“Usted aterriza conmigo, ahí en Corcovado, y usted siente como que va montado en un toro. ¡ Pura adrenalina, muchacho!.. ¿Sabe lo que se siente montarse en un toro?”. Álvaro Ramírez –sencillo, experimentado y peculiar piloto– describe, así, la sensación de aterrizar en la pista más corta; quizá, la más riesgosa de todo el país.
Como nunca he montado un toro, fue difícil procesar tan particular explicación. Lo que sí pude experimentar, evidencia y relatos en mano, es que Ramírez no vuela su avioneta como un ‘lobo’ pero si como un ‘gato del aire’.
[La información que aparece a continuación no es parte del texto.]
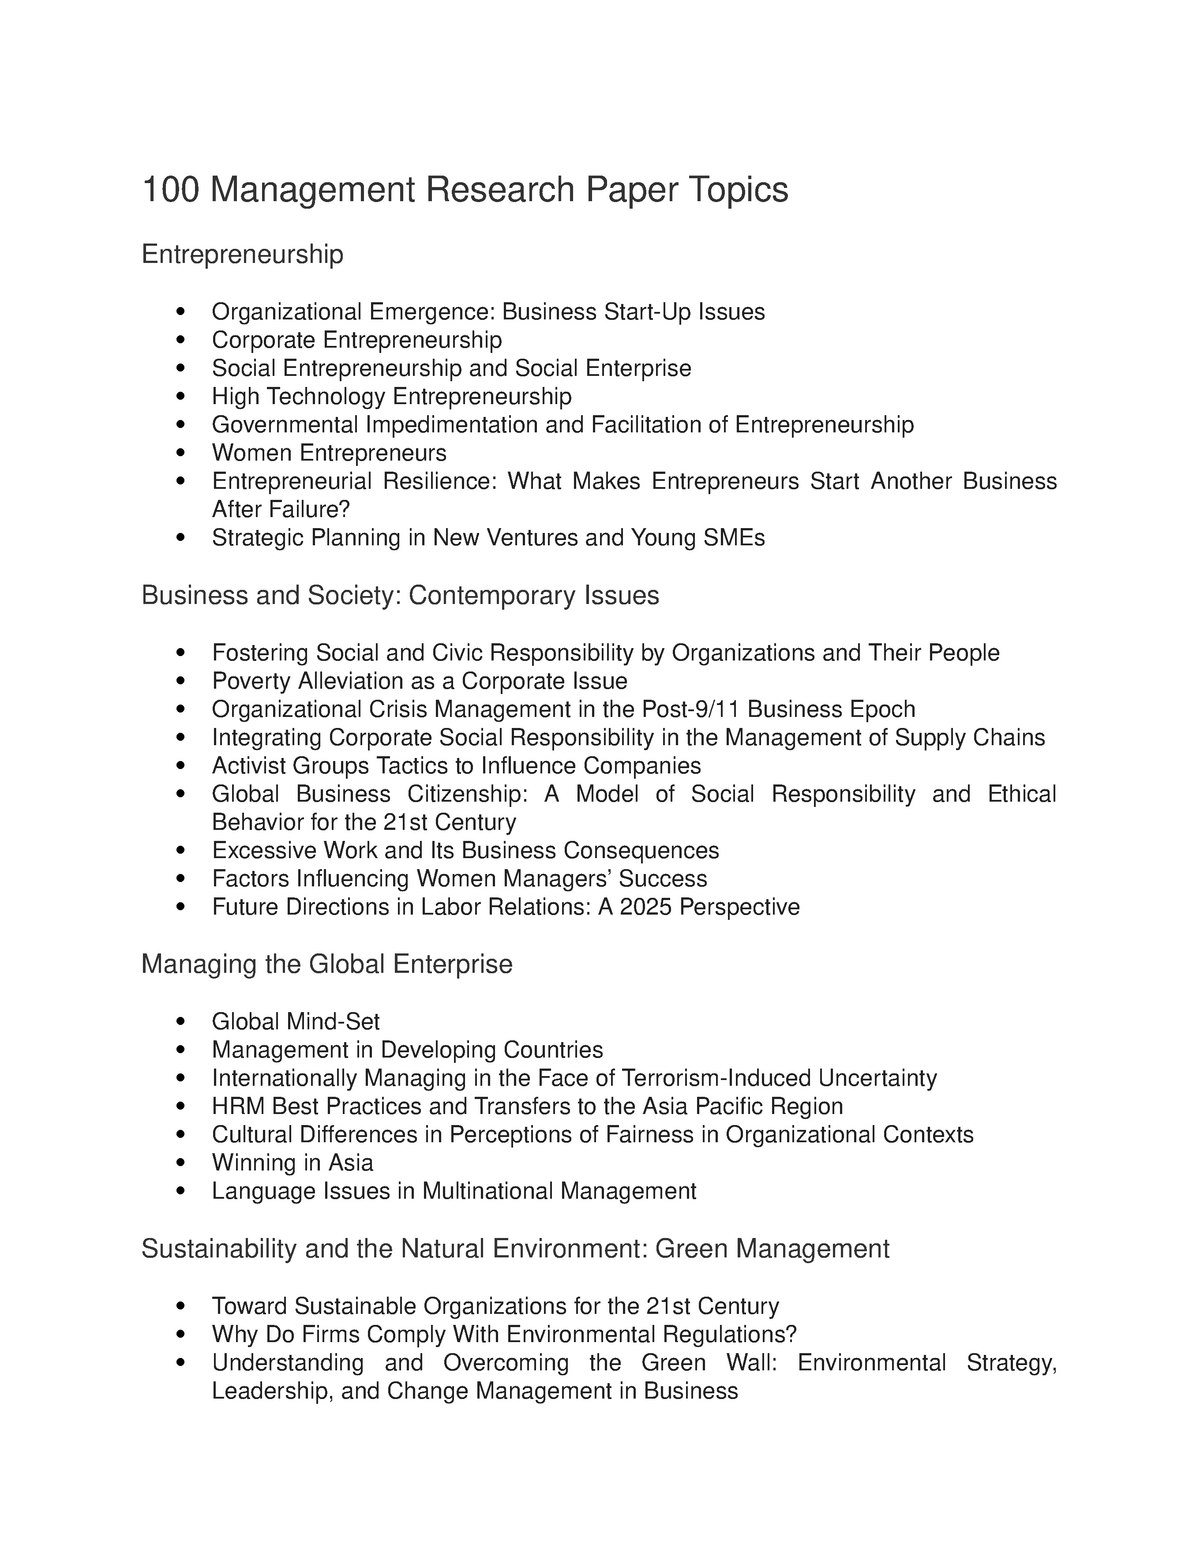 environment related research topics

Varias veces a la semana Ramírez, de 52 años, desafía la pista aérea de la estación Sirena, eje central del Parque Nacional Corcovado, en la Península de Osa. De tierra cubierta de zacate, montículos traicioneros y árboles gigantes en su cabecera está conformada esta pista de vértigo. Apenas mide 430 metros de largo.
“Sí, definitivamente se necesita mucha pericia para aterrizar ahí. No es cualquiera”, sentencia sin titubeos Álvaro Vargas, la máxima autoridad de la Dirección general de Aviación Civil.
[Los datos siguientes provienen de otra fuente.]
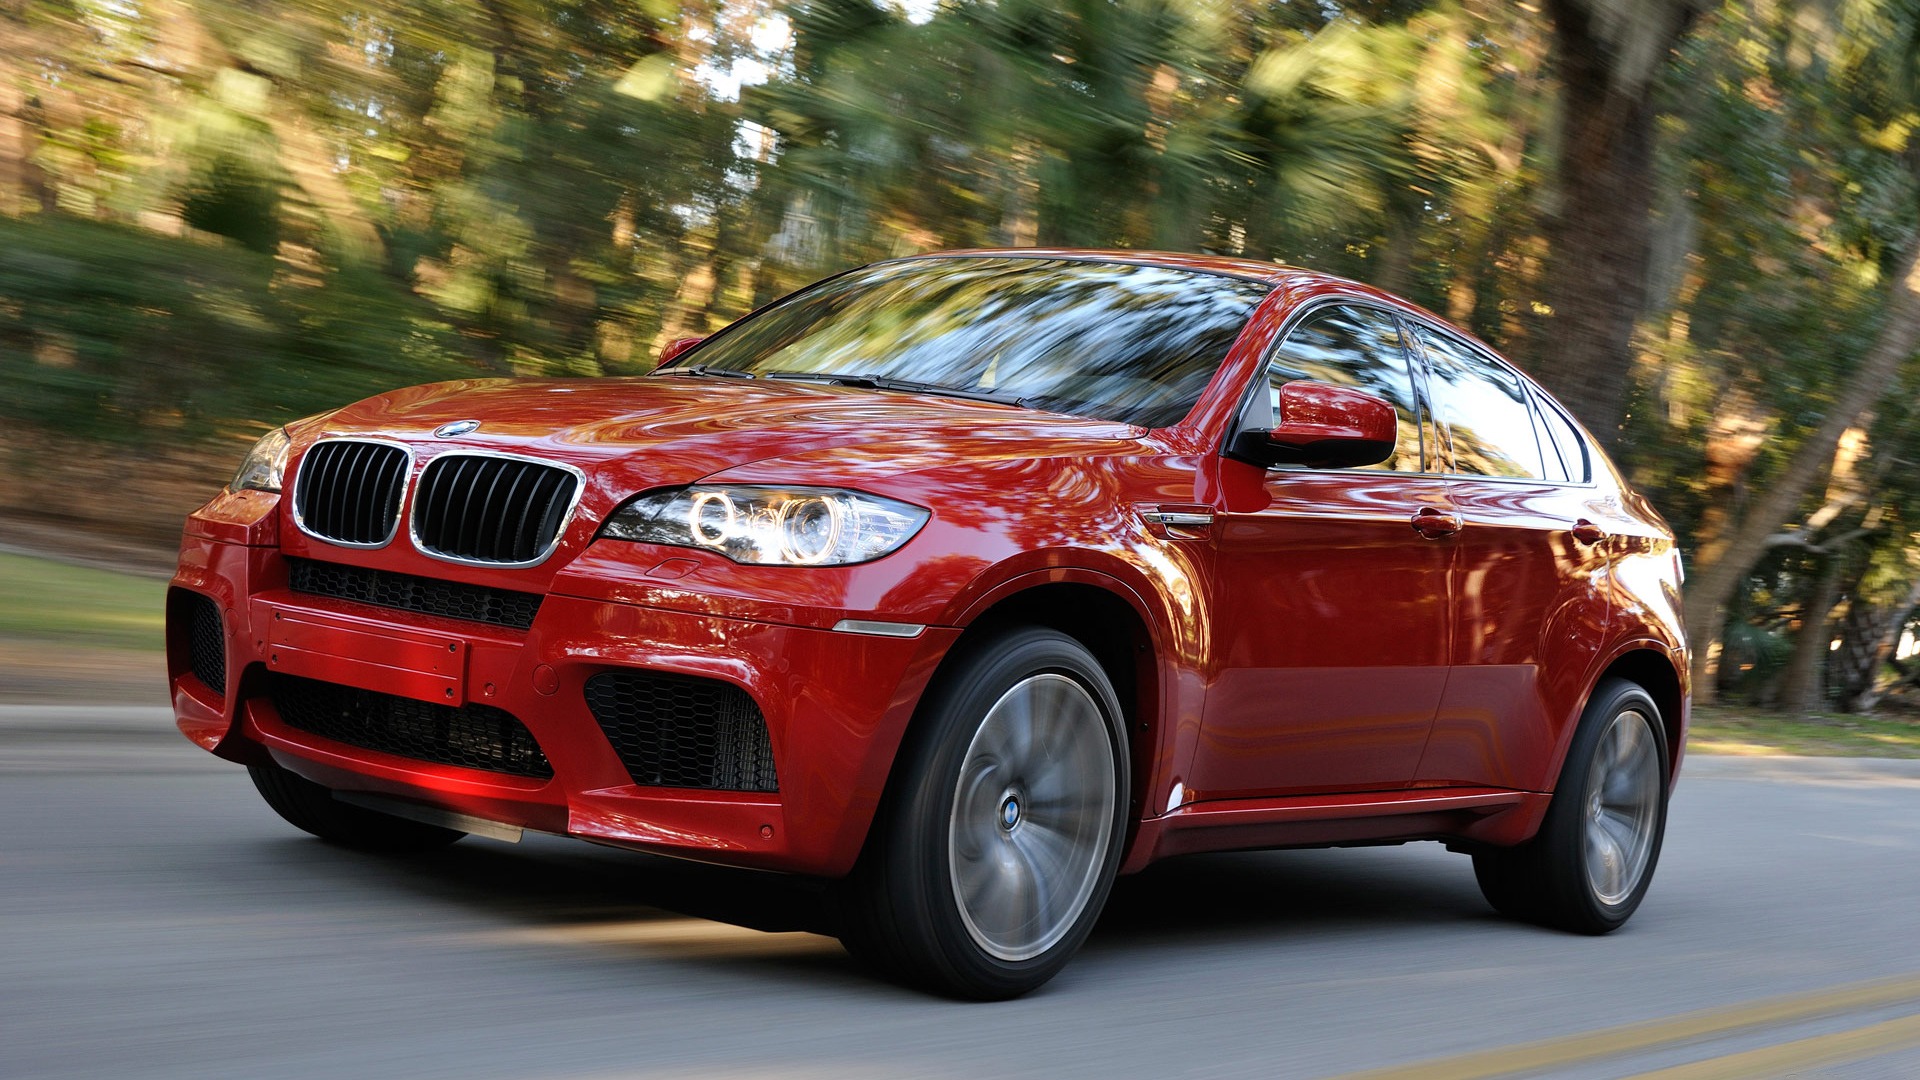 Bmw X6 M Wallpaper Cars In Jpg Format For

Vargas bucea entre papeles y, junto a Rocío Briceño, técnica en investigación de accidentes de la entidad, añade un dato que da terror: de 1975 a 1998, en Sirena, se reportaron de 8 a 10 accidentes.
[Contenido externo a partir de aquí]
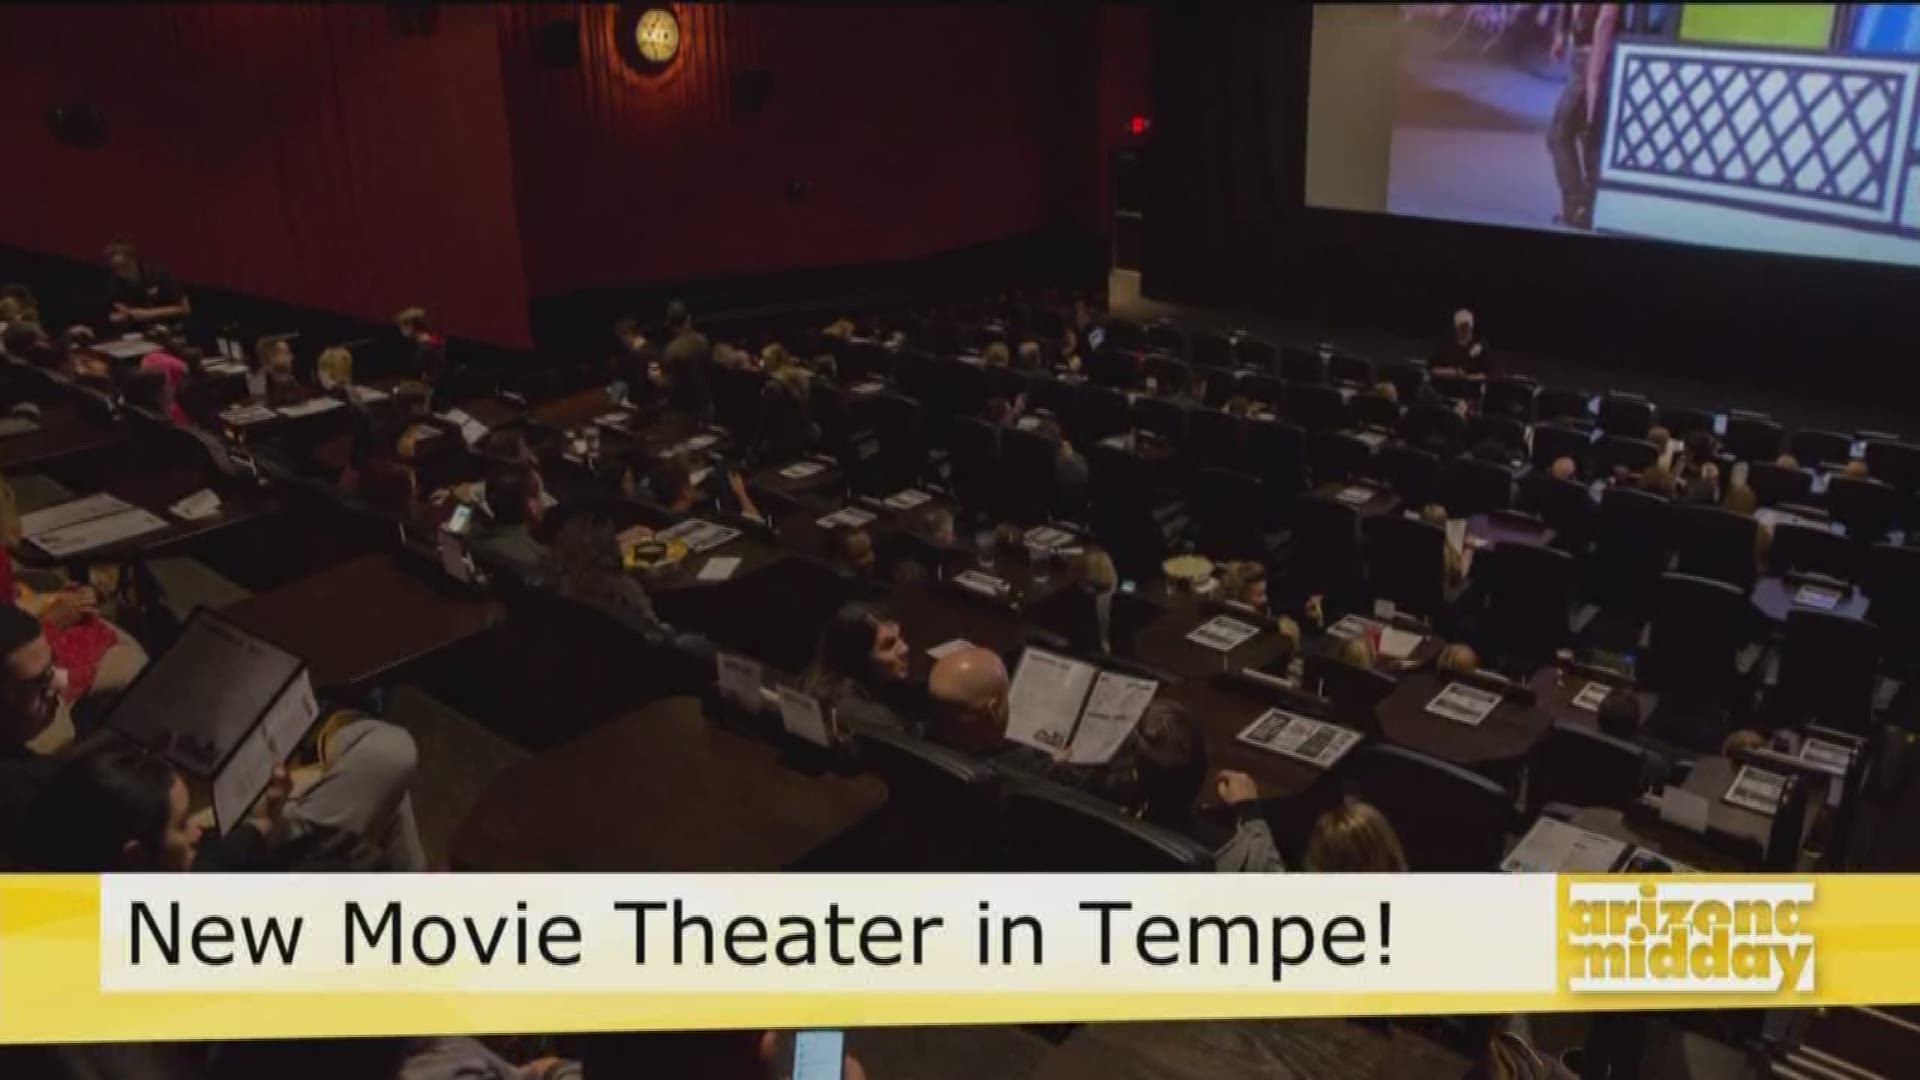 We're mixing up some fun ahead of the grand opening of Alamo Drafthouse Tempe!

“Es de alta accidentabilidad, sin duda”, acota Briceño, refiriéndose a una pista que de un extremo saluda al bosque y del otro a la infinidad del mar.
Con tales antecedentes no es casualidad que Sirena –pista de acceso libre para todo aventurero del aire–, sea desde hace 27 años dominio exclusivo de Ramírez, al menos comercialmente. Muchos le temen a la pista y le huyen con razones de peso, pero el piloto de este reportaje, como si fuera un niño, simplemente se la goza.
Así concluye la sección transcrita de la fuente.